В собрании Кручёных — запись Зощенко на письме 1927 года о том, что его изучают в Швейцарии: «Чтоб Катаев не задавался со своими французскими успехами. У него — Франция, у меня Швейцария. Как-нибудь разделим Европу по-братски». Рядом автограф Катаева: «Чур! За мной Германия, Англия, Америка и Венгрия! Остальное пущай лопает Зощенко».
А вот письмо Зощенко Анне Коваленко от 8 февраля 1931 года, на самом деле адресованное ее мужу[51]. Приведу полно — по-моему, читается как рассказ.
«Дорогая Муся, пишет Вам некто М. М. Зощенко.
Здравствуйте, дорогая Мусенька!
Обращаюсь к Вам с нижайшей просьбишкой — напишите мне небольшое письмецо. Дело в следующем. Ваш полупочтенный супруг Валентин Петрович, известный гуляка и лежебок как-то такое (так в тексте. — С.Ш.), месяцев пять назад не ответил мне на мое письмецо. Письмо было вежливое, со многими приличными словами и даже с комплиментами. Но этот человек, совершенно так сказать отпетая личность, коему мне писать как-то даже теперь унизительно, не соизволил мне ответить. За что в свою очередь я когда-нибудь его чрезвычайно унижу. Одним словом писать мне ему сейчас не годится. И в силу этого приходится беспокоить Вас, дорогая Мусенька. Я собираюсь в феврале побывать в Вашей милой Москве.
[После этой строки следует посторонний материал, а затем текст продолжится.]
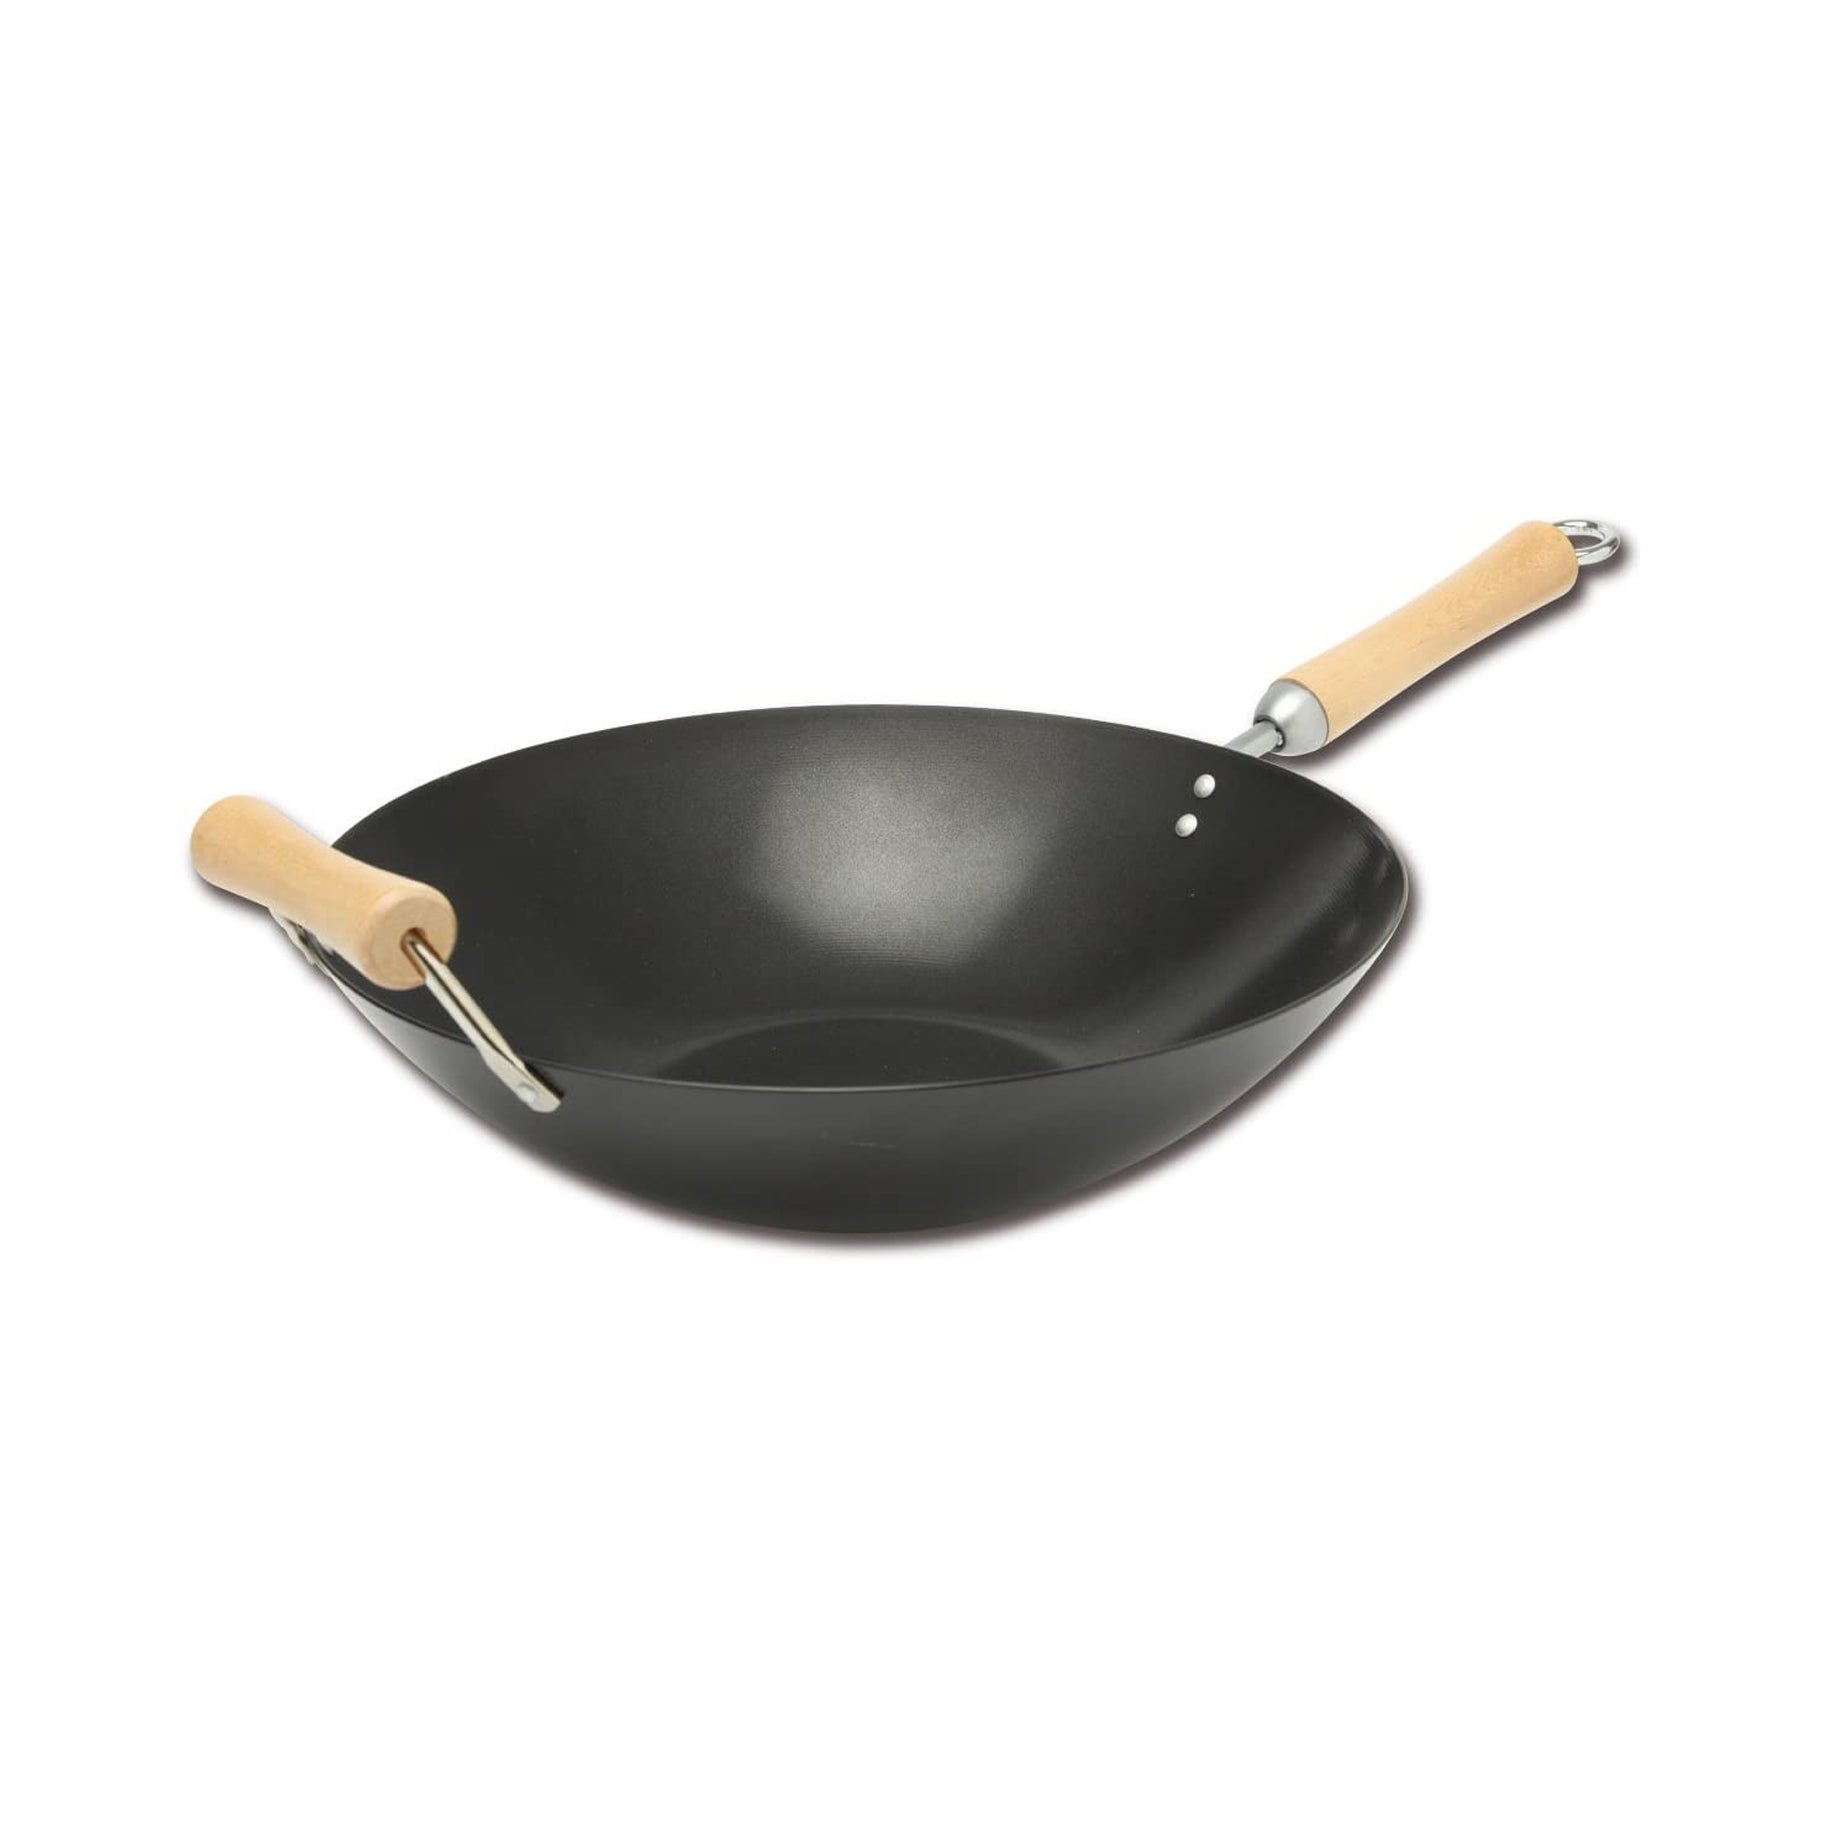 Helen's Asian Kitchen Wok, Carbon Steel and Bamboo, 14-Inches

Хотелось бы конечно повидать всех друзей. И этого конечно Валентина Петровича, и дорогого моего престарелого Юрочку Олеша. И Вас конечно. И Вашу сестричку Тамарочку.
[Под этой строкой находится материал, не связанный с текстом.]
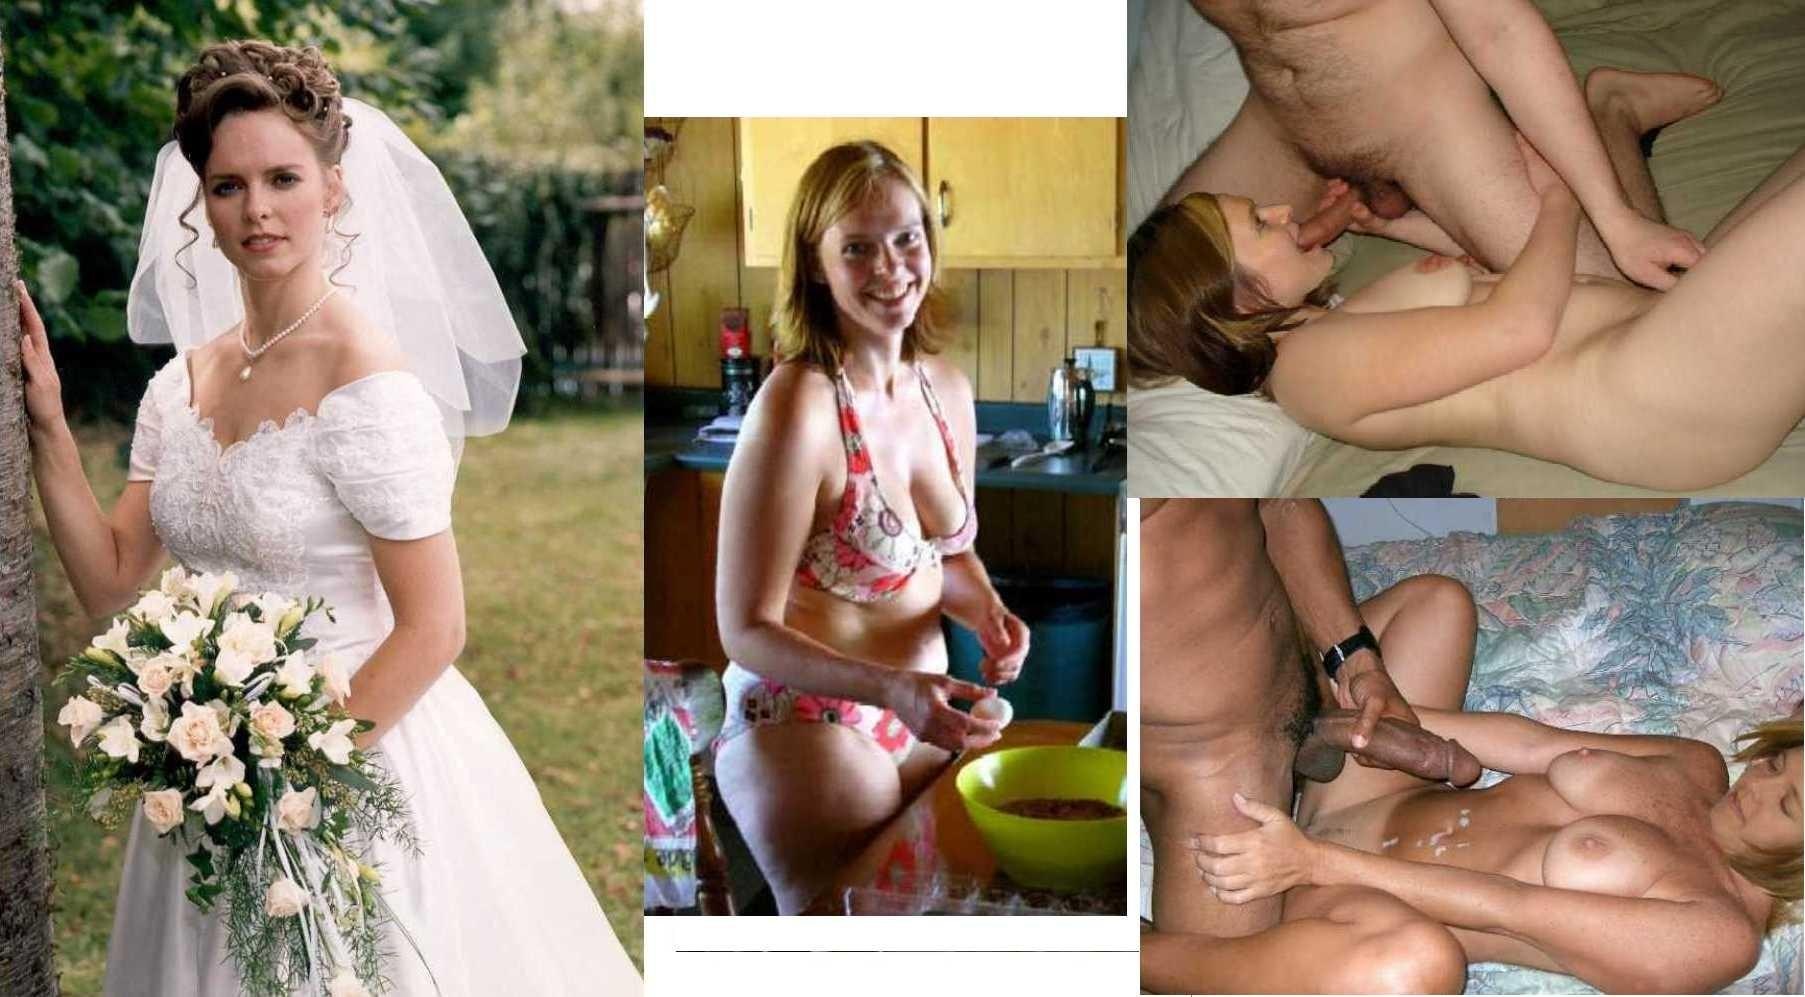 porn pictures of married women

Так вот не будете ли Вы так любезны написать мне — полагает ли Вал. Петр, быть в Москве в феврале. А также Юрочка. Где он и что. Какой его адрес. Не думает ли он уехать куда-нибудь на февраль и тем самым отдалить нашу дружескую встречу еще на год на два. Не собирается ли Катаев поехать в марте на Кавказ? Я собираюсь. Я хочу поехать в Тифлис. И хочу в духане выпить вина. Может быть и духанов больше не будет. А я еще и не видел, что это такое. Неохота умирать, не повидав всего.
Перед Кавказом я поживу в Москве. Буду очень веселиться. И в силу этого мне желательно знать, что думают про это мои друзья. Однако может на Кавказ я и не поеду. А поживу в Москве дня 4 и поеду обратно до своего дома. Неизвестно, какие мысли у меня будут в те дни.
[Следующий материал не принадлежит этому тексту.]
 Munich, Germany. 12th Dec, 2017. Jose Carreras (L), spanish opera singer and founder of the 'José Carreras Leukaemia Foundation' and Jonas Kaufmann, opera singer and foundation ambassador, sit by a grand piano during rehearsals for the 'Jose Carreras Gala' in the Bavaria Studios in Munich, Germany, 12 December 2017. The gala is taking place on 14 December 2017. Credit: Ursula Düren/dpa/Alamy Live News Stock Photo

Вот дорогая Муся, в этом и заключается моя просьбишка. Не поленитесь пожалуйста, сядьте к столу и напишите мне про все и про Ваше житьишко. И кто у Вас бывает. И зачем. И пьют ли мои друзья. И какая погода в Москве.
Впрочем про погоду не обязательно — я еще не знаю когда я буду в Москве. А может быть я и в Москве не буду, а поживу себе тихо в Ленинграде. Но во всяком случае узнать все хочется.
Что до меня и до моей славной жизни, то я живу прямо скажу тихо и даже робко живу. С виду я очень похудел. Хожу желтый, как сукин сын, от многих моих пороков — карты и женщины — а также и по причинам высшего значения.
Так вот, Мусенька, крепко целую Вашу ручку и с нетерпением поджидаю Вашего письмеца.
До свиданья. Привет А. Н.
Ваш М. Зощенко.
Юрочкин адрес не позабудьте. А может он у Вас живет? С него хватит».
Итак, Катаев и Зощенко сдружились. Они общались до конца, несмотря на литературно-политические события, в дальнейшем омрачившие их отношения.
Одновременно с фельетонами писалась и литература, в которой Катаев был самим собой.